▶ Assignment:
Pictures within the data are to be left out; everything else must be reproduced exactly.

### Data

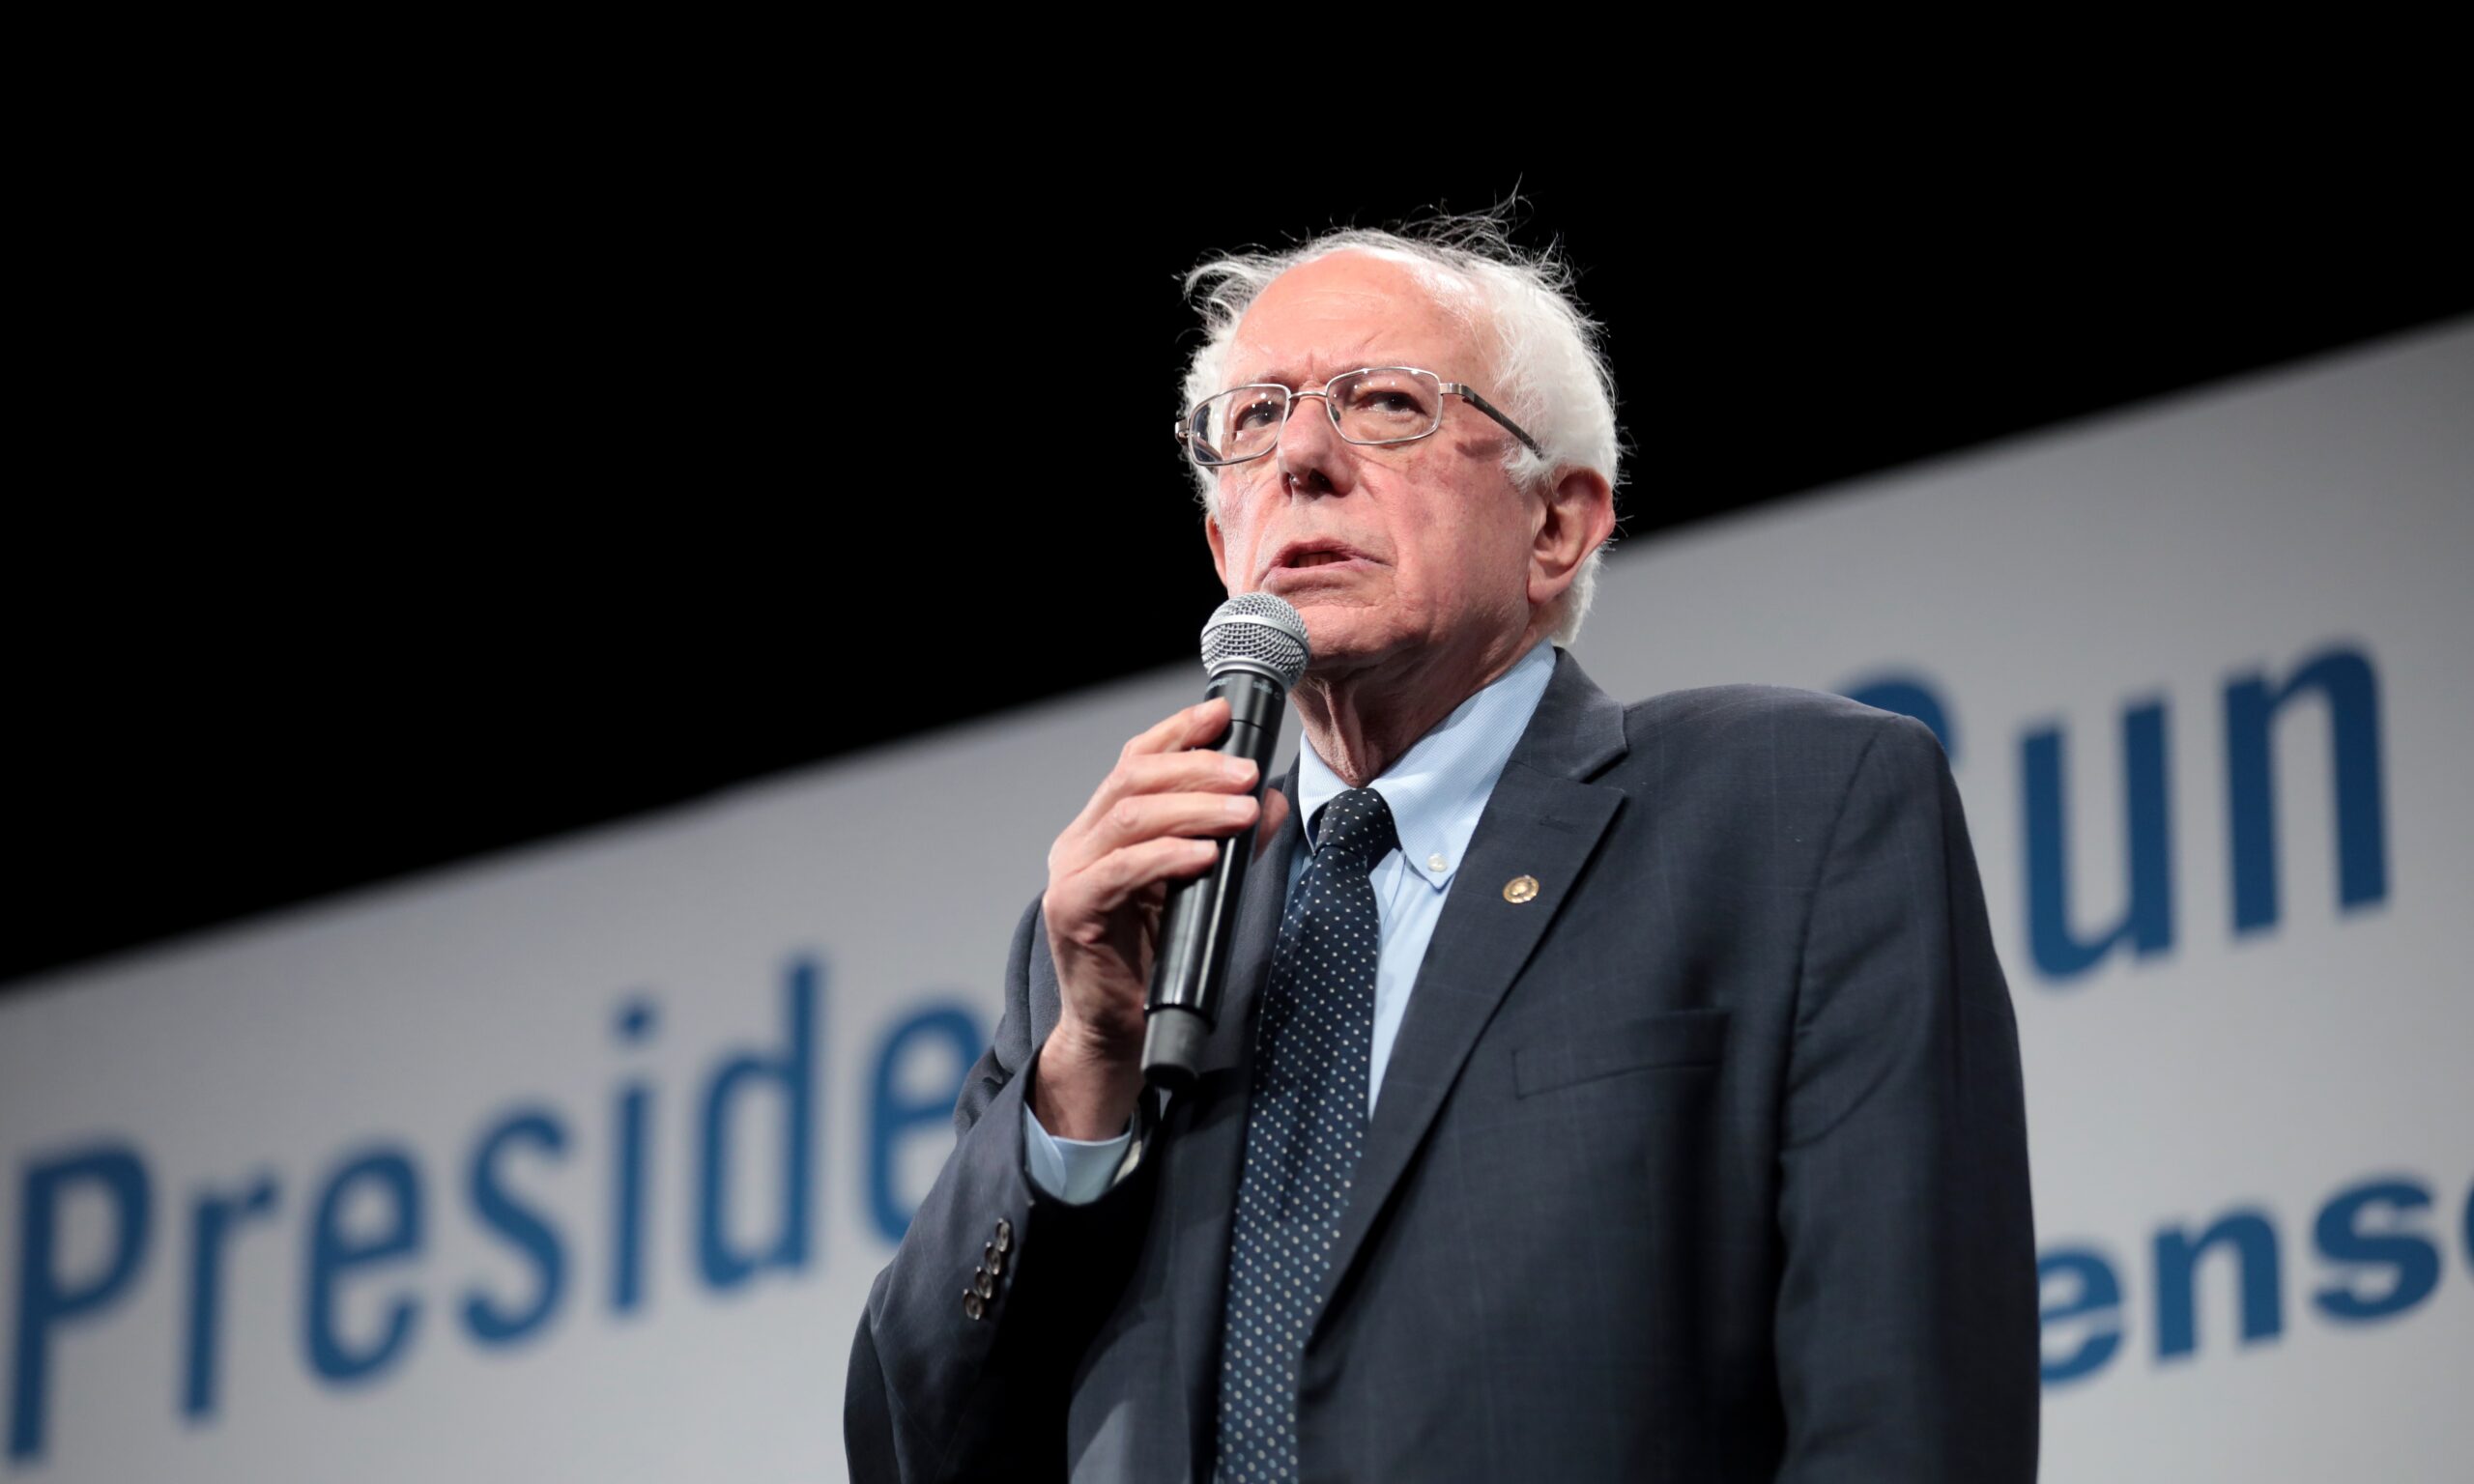 Bernie Sanders is pictured holding a microphone, wearing a dark suit and tie - making a speech in front of a dark background.
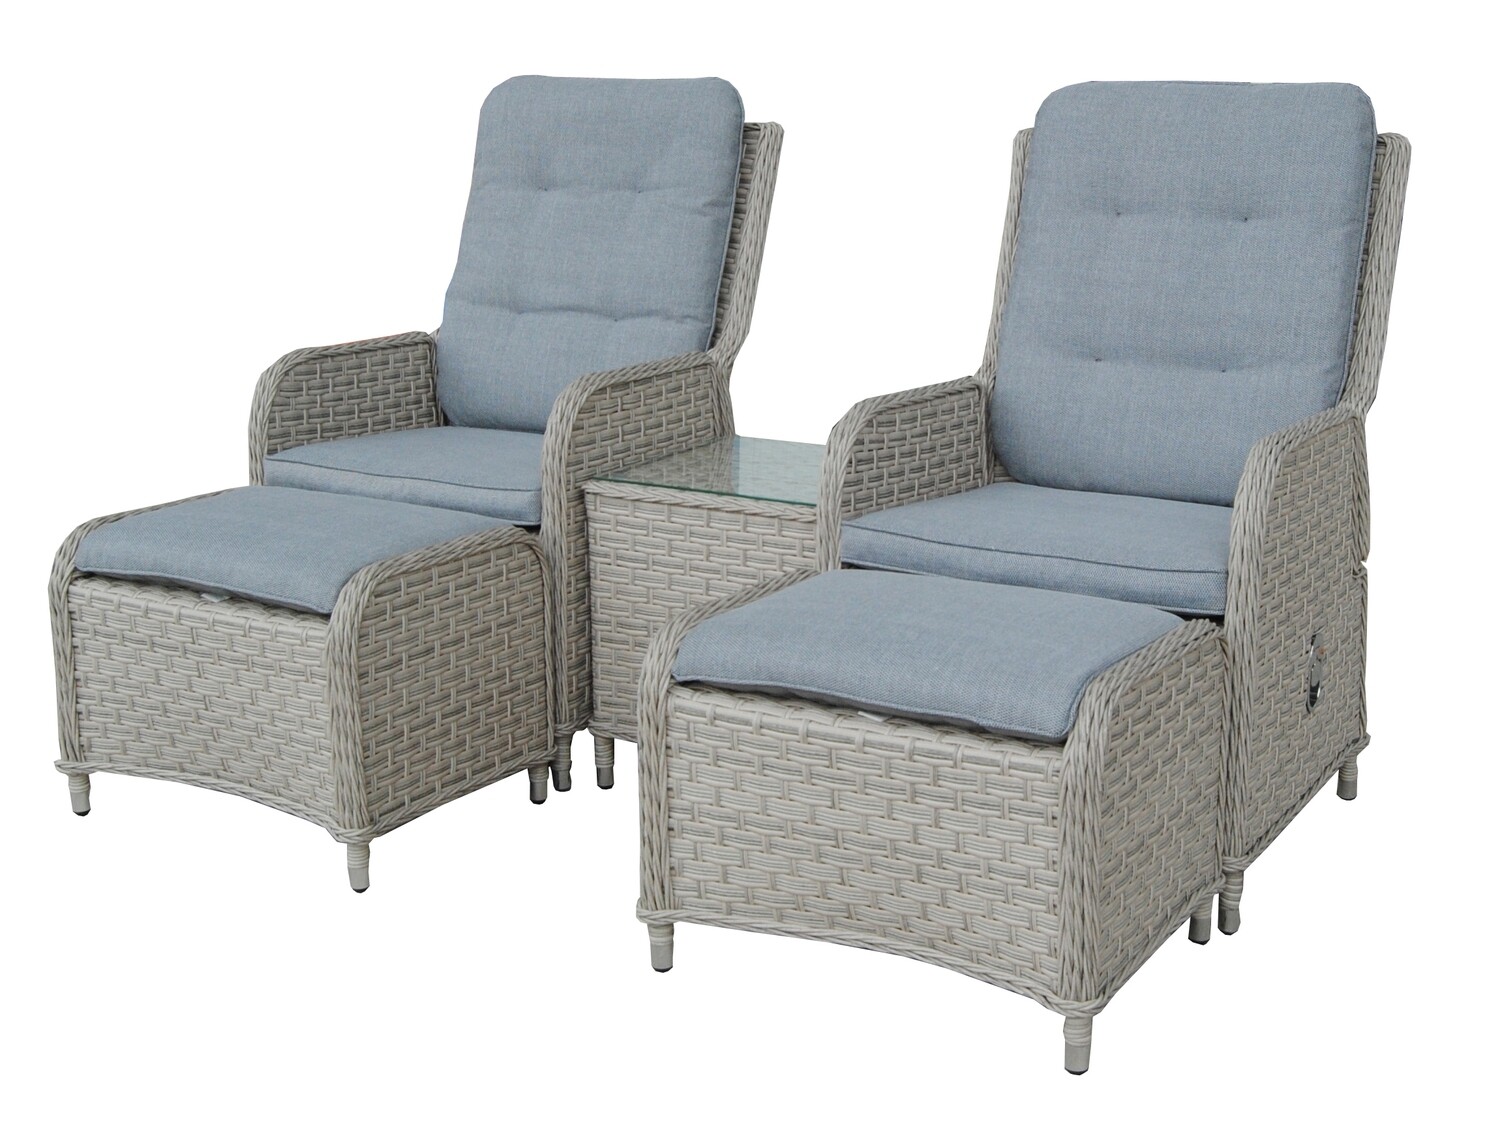 DORSET TURIN DUAL RECLINER SET WITH FOOTRESTS
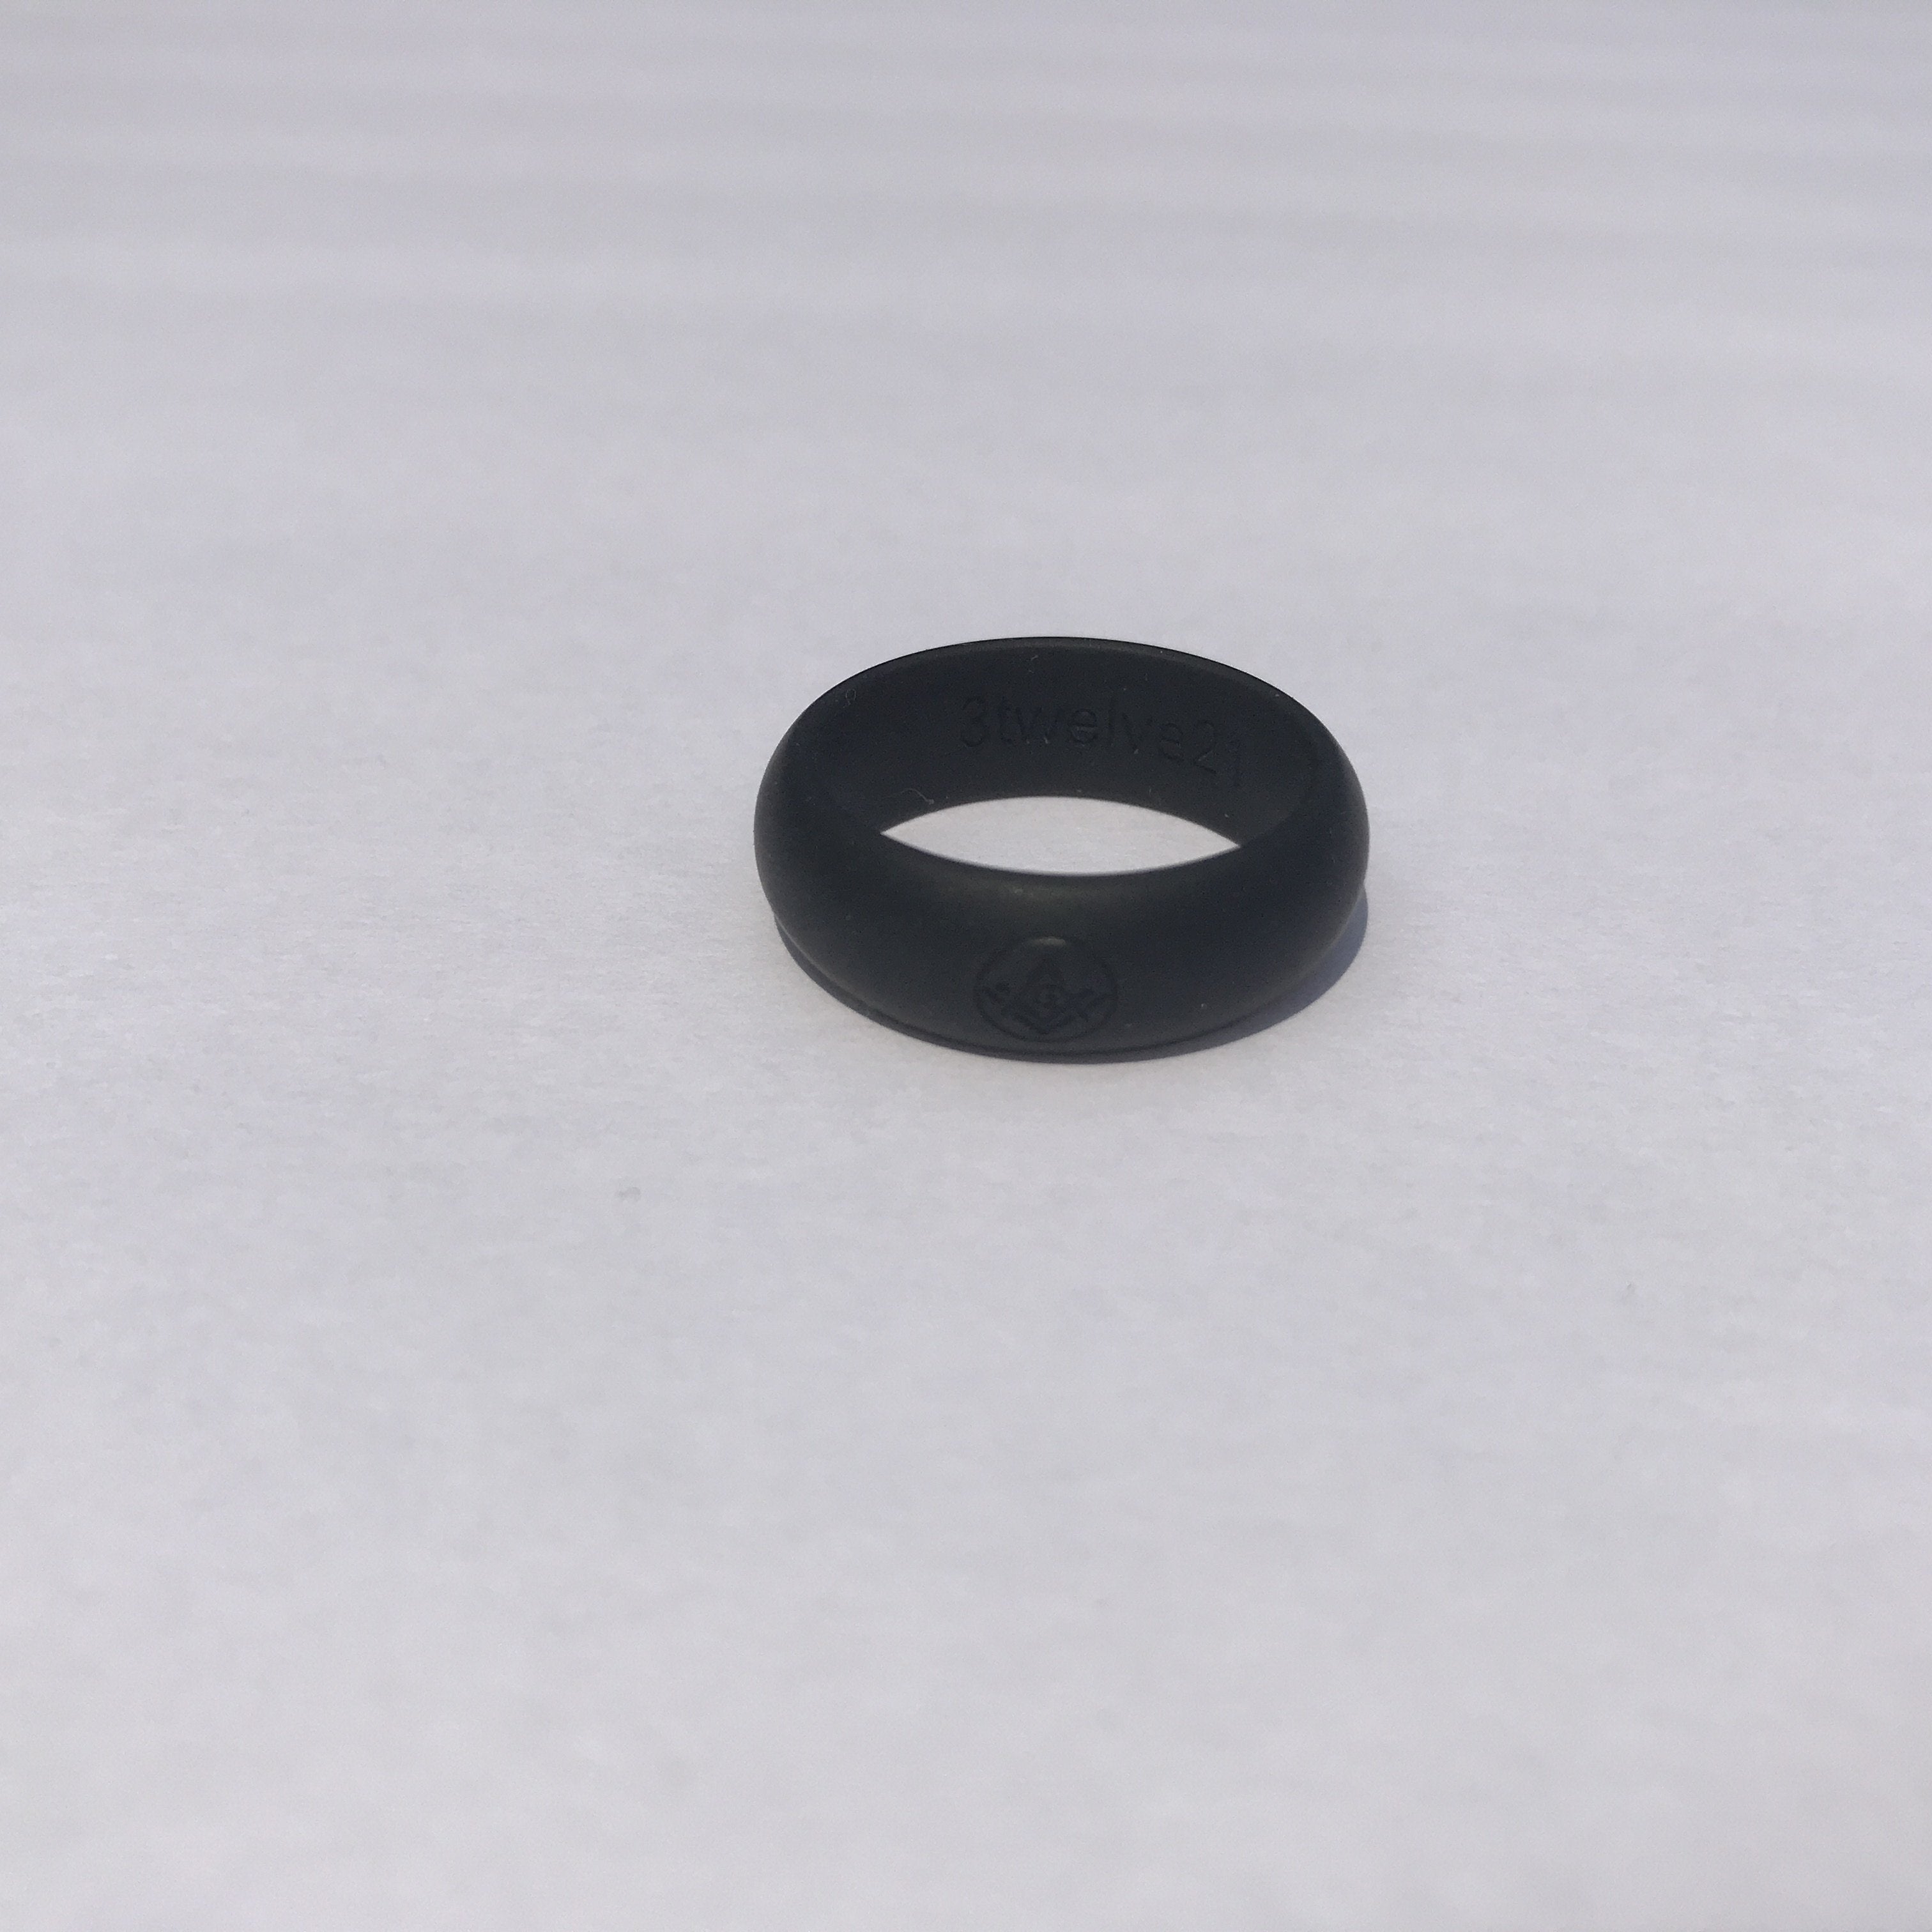 100% Silicone Masonic ring that is work-safe no matter what you do in black

######

▶ Exercise response:
 Bernie Sanders is pictured holding a microphone, wearing a dark suit and tie - making a speech in front of a dark background.
 DORSET TURIN DUAL RECLINER SET WITH FOOTRESTS
 100% Silicone Masonic ring that is work-safe no matter what you do in black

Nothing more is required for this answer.